The clerk uttered the workaday incantation in the humdrum cadences of the professional waterboy at court. The procedure is everywhere the same. The speed must be routinized, and accelerated, like liturgical responses, the phrases agglutinated, yet somehow audible.

aggrandize (verb) To make great or greater, as in power, honor, or wealth.

We turned over to their Communist oppressors tens of millions not only by defaulting on our moral obligations and diminishing our identification with justice, but also by aggrandizing greatly enemy's power.

agnosticism (noun) The doctrine that the existence or nature of any ultimate reality is unknown and probably unknowable or that any knowledge about matters of ultimate concern is impossible or improbable.

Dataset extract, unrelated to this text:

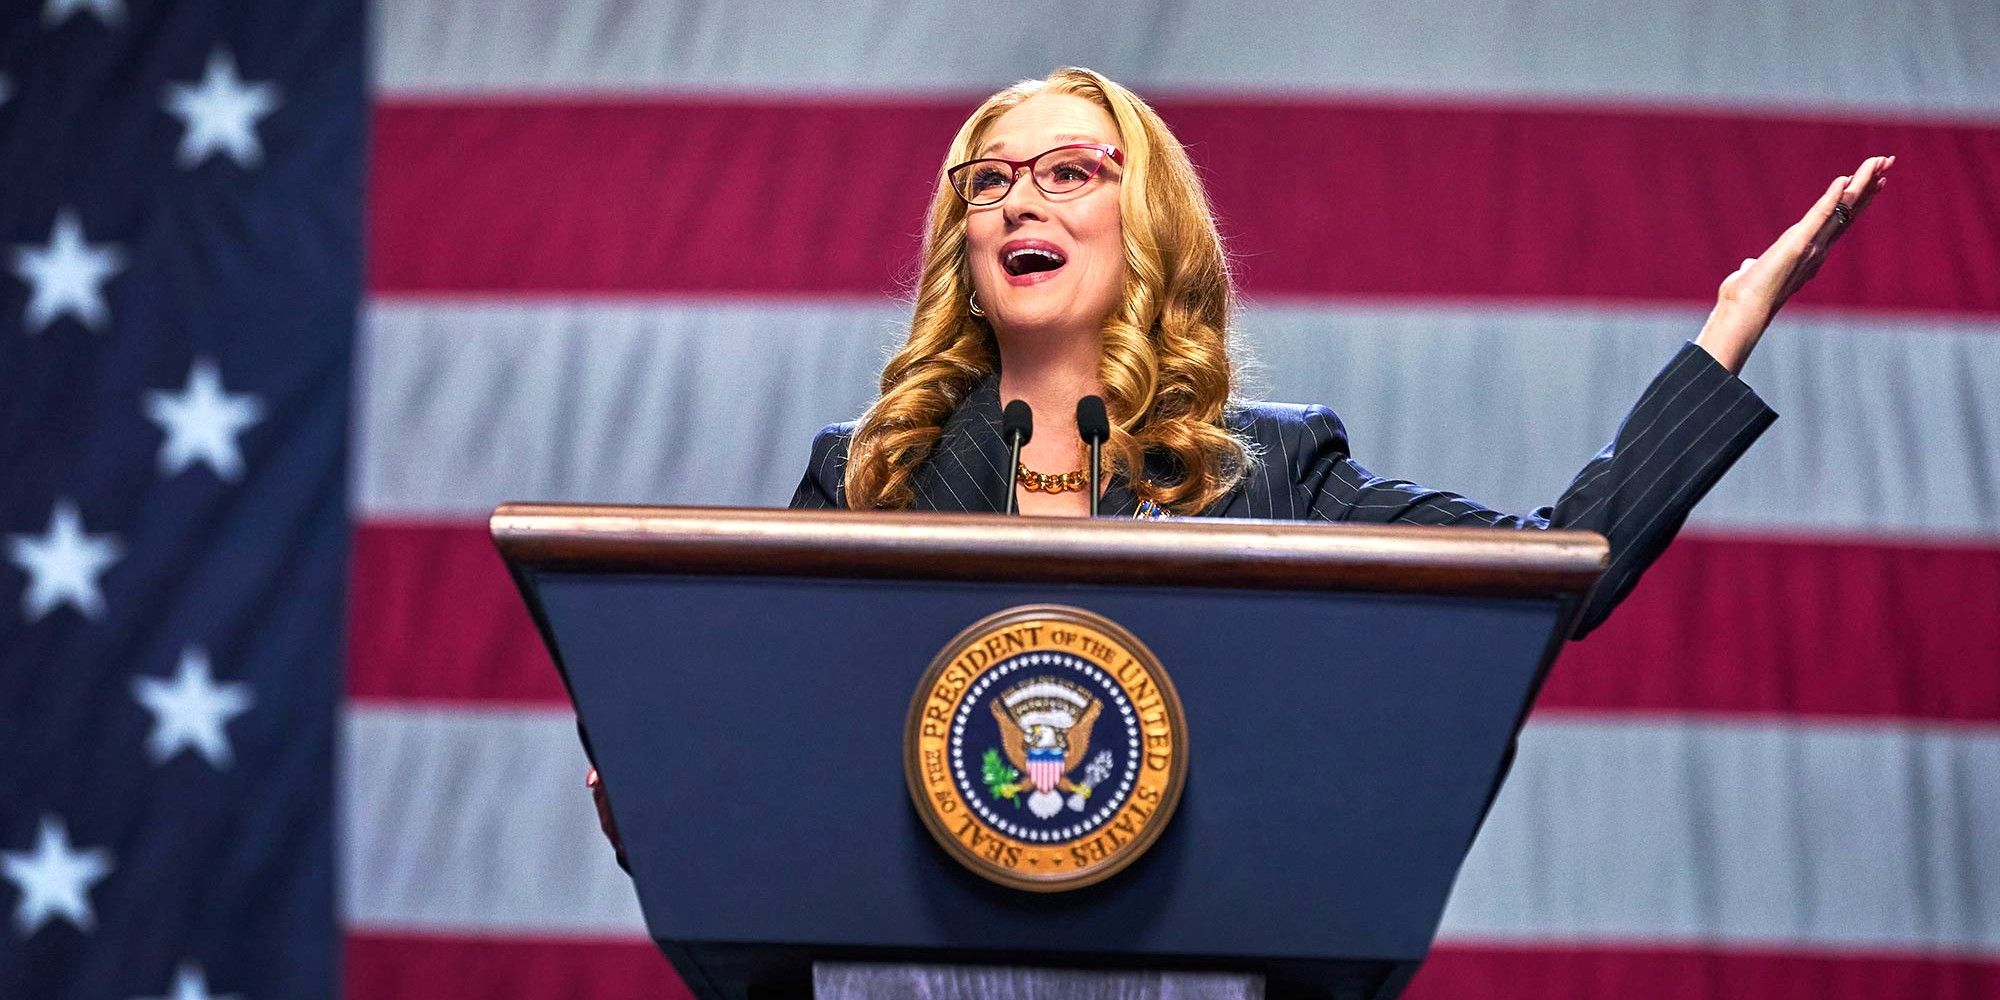 Meryl Streep as President Orlean at the rally in Don't Look Up

The rhetorical impulses of the day are sluggish in the extreme; they place an immoderate emphasis on moderation, and promote a philosophical gentility, driving from agnosticism, that permeates our moral intellectual life to its distinct disadvantage.

FullMoon said...

Addressing subject of parents cheating to get their dolts into college, I wonder how many of the parents believed that their kids would get a good education in a good school because the school is superior in the teaching process.

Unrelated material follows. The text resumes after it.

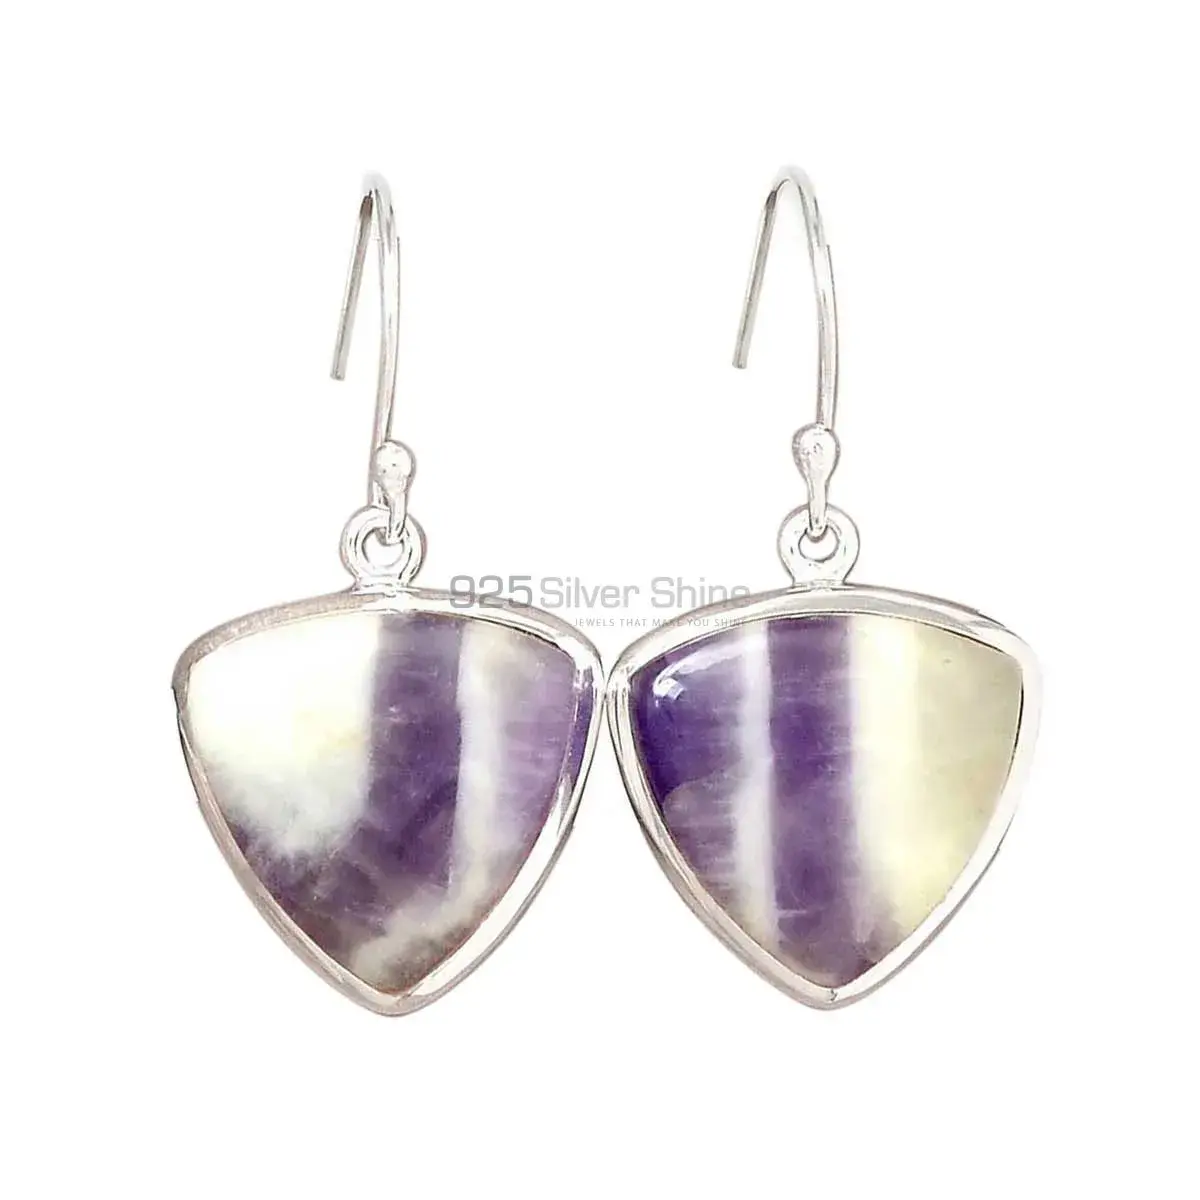 Inexpensive 925 Sterling Silver Earrings Wholesaler In Amethyst Lace agate Gemstone Jewelry 925SE2705_6

Parents may not even considered the fact that you need to actually be intelligent in order to do well in prestigious higher education.


cronus titan said...

After seeing the documentary, the mothers' behavior was unsurprising. The allegations against Jackson certainly appear true If true, he was a professional predator of young boys. That means he spent months building relationships with the boy and his mother (note not their father). He finds where they are vulnerable -- maybe it's greed or ambition, maybe a dysfunctional relationship with the mother, clinical depression, it could be anything -- and exploits it. The predator also evaluates how strong the mother-boy relationship, whether the mother would believe the boy if he told what happened, and make sure that the mother was vested in keeping a secret if she learned what happened. They also know most boys would never tell their mothers sexual graphic details. One technique is to shower the mother with promises of riches and fame for her child, maybe for her too, so that they have a stake in deepening the relationship, and keeping the secret for fear of being embarrassed by their poor decision to trust him, or by fear of their own failure to protect their young son (let alone the permanent damage to the relationship with their young son).

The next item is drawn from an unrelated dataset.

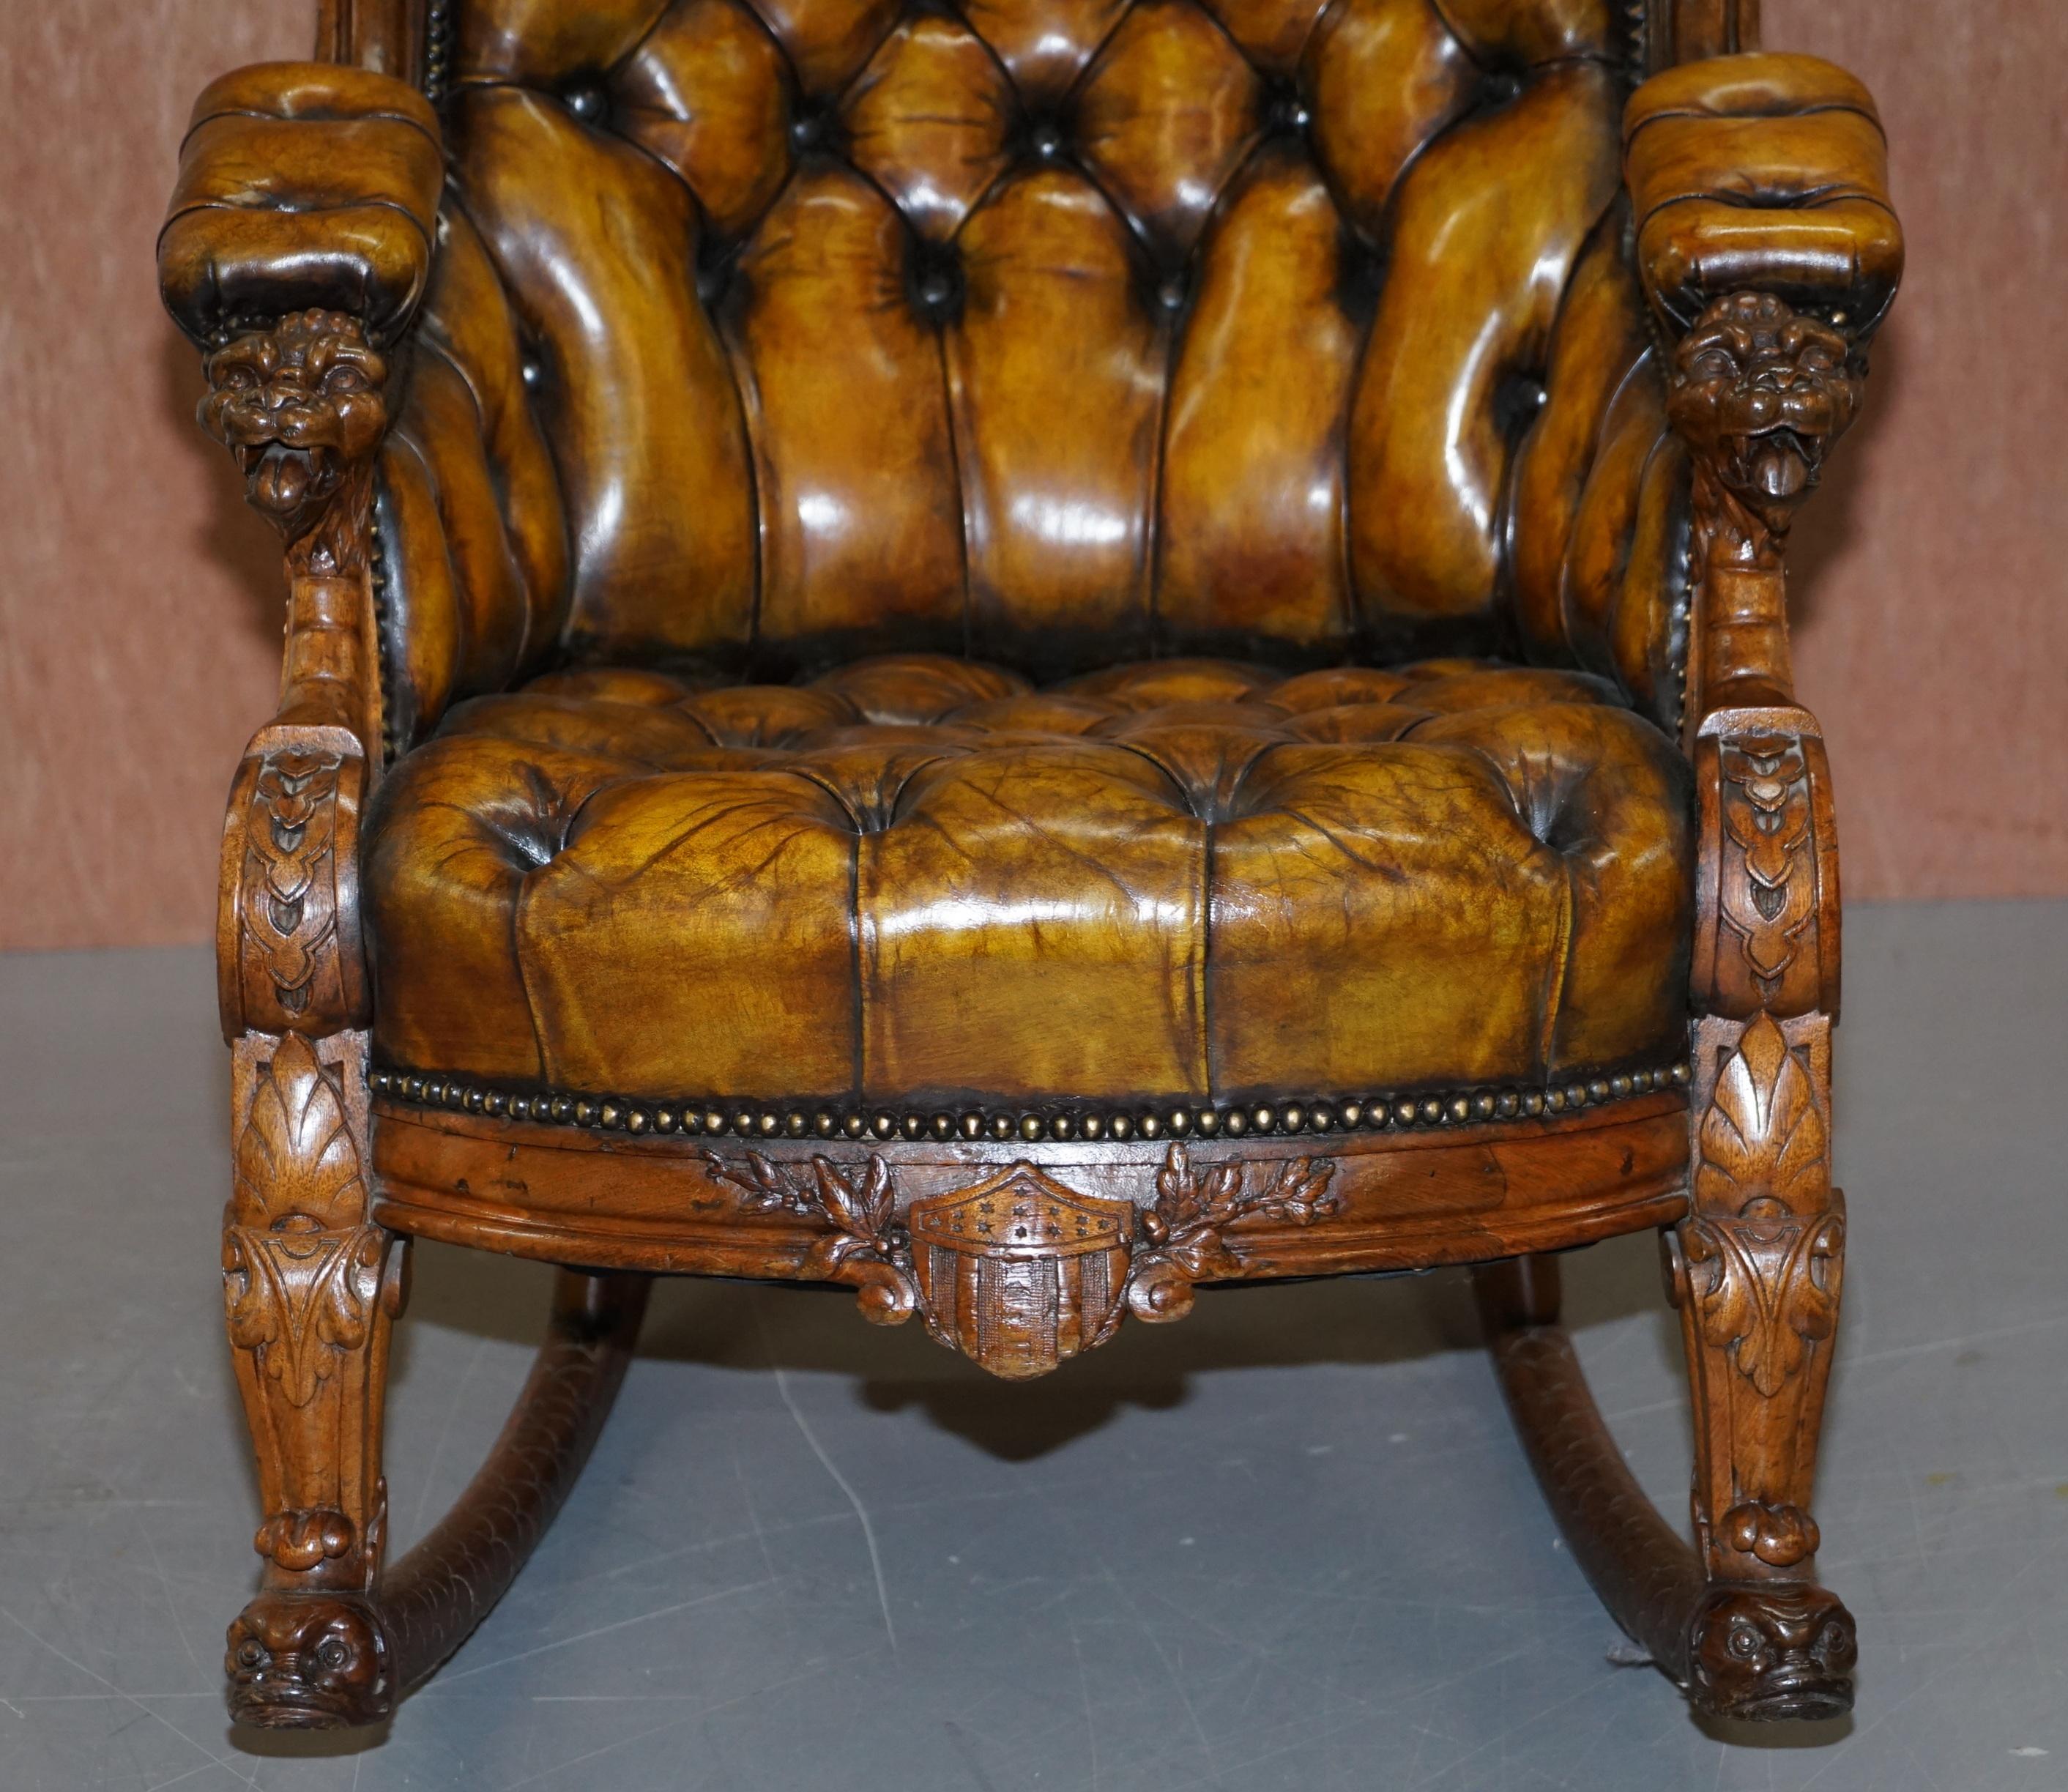 13 Star American Flag & Eagle 1830 Hand Carved Chesterfield Rocking Armchair 2

I say the above with confidence because I was friends with victims of these types of predators when I was 8-14. To a person, they told me I was not at serious risk because I had a healthy relationship with my father, who was involved in my life. Not a knock on mom, but that is the way these predators evaluate prospective victims.

The mothers of these victims have little in common with the mothers of the college admission scandals. Maybe a naive belief that they are really advocating for their kids, not risking them sexually or their future. That was just helicopter parenting taken to a ridiculous extreme.

J. Farmer said...

All of this does reinforce one thing for me. Michael Jackson has the kookiest fans.

Guildofcannonballs said...

Look even the dull comprehend Scalia's sharp wit missed.

Be said...

A lot of complicated stuff here, and I Hate Commenting, as one needs to be intellectual-sounding, terse, and witty all at the same time.

The mother being the Weak Link does not surprise me at all, as my own mother married and divorced, then entered into another relation with child sexual predators.


Guildofcannonballs said...


The desparate impact proves Dems R Real racist.

Guildofcannonballs said...

Look at the shitholes the disparate's control.